ISCA Archive Interspeech 2023
ISCA Archive Interspeech 2023

Dual-Memory Multi-Modal Learning for Continual Spoken Keyword Spotting with Confidence Selection and Diversity Enhancement

Zhao Yang, Dianwen Ng, Xizhe Li, Chong Zhang, Rui Jiang, Wei Xi, Yukun Ma, Chongjia Ni, Jizhong Zhao, Bin Ma, Eng Siong Chng

Enabling continual learning (CL) from an ever-changing environment is highly valuable, but it poses significant challenges for spoken keyword spotting (KWS), which simultaneously deals with both variability in acoustic characteristics of speech signals and catastrophic forgetting issues. In this paper, we propose a novel framework for replay-based CL in KWS that uses a Dual-Memory Multi-Modal (DM3) structure to enhance generalizability and robustness.

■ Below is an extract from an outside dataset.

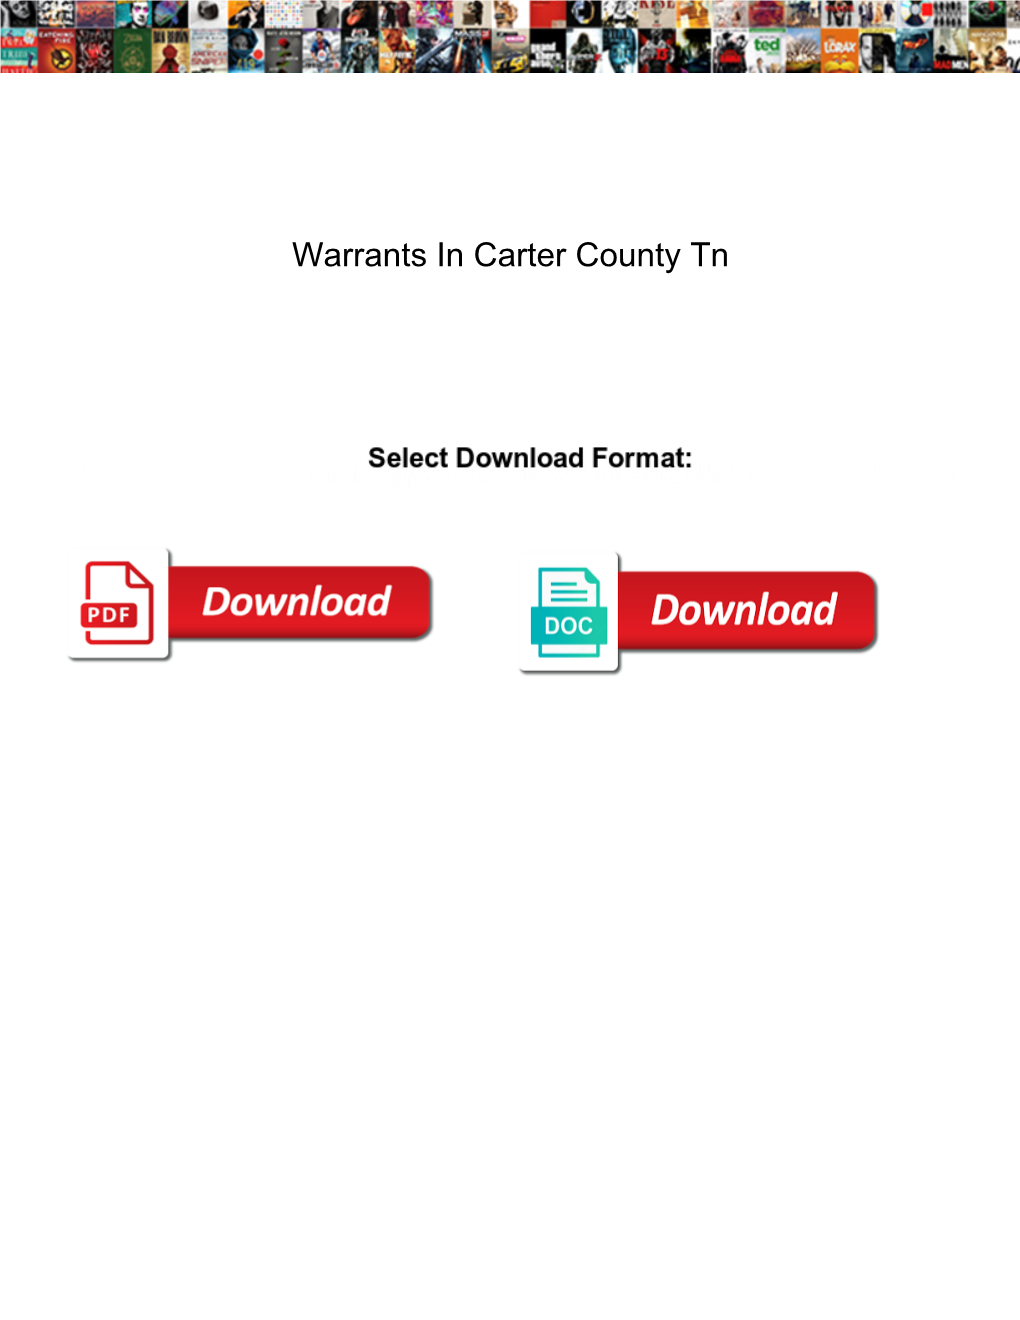 Warrants in Carter County Tn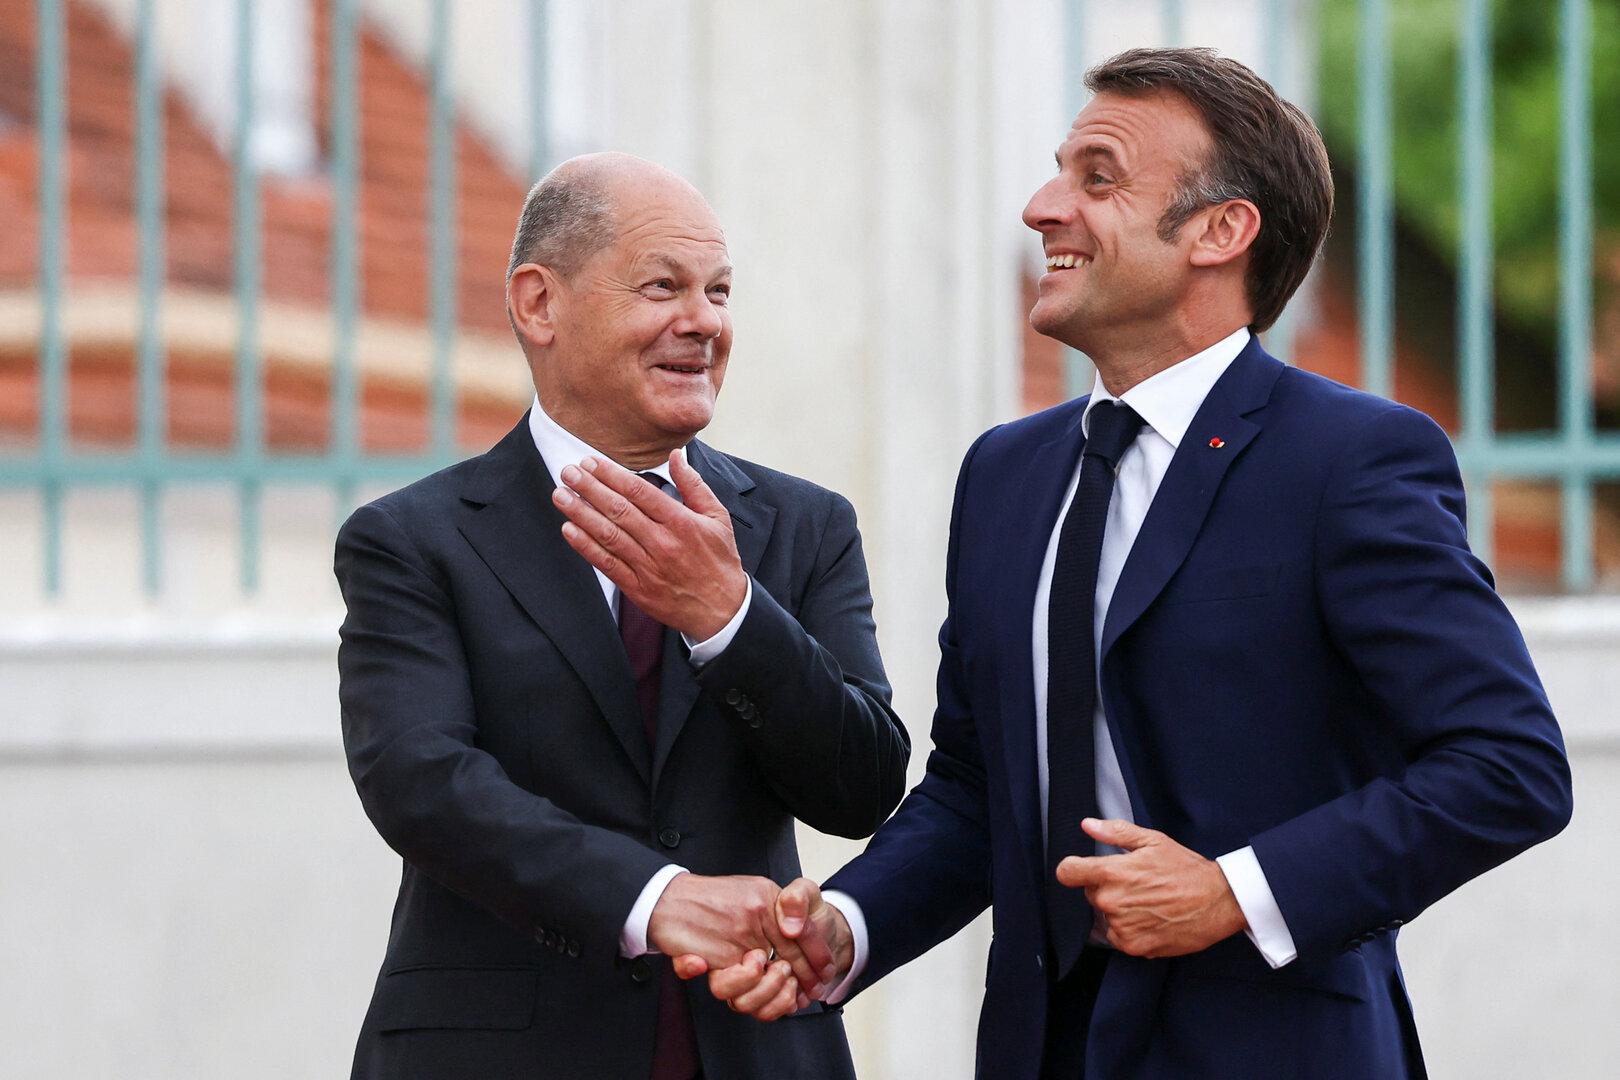 Sie sind mit der Postenbesetzung zufrieden: Der Sozialdemokrat Olaf Scholz und der Liberale Emmanuel Macron.

Our approach leverages short-term and long-term models to learn near-term and long-term knowledge in an adaptive manner with a dual-memory structure, while also exploiting the consistency of multiple speech perturbations to improve the robustness with a multi-modal structure. Additionally, we introduce a class-balanced selection strategy that uses confidence scores to sort training samples. Experiments demonstrate the effectiveness of our method over competitive baselines in class incremental learning and domain incremental learning KWS settings.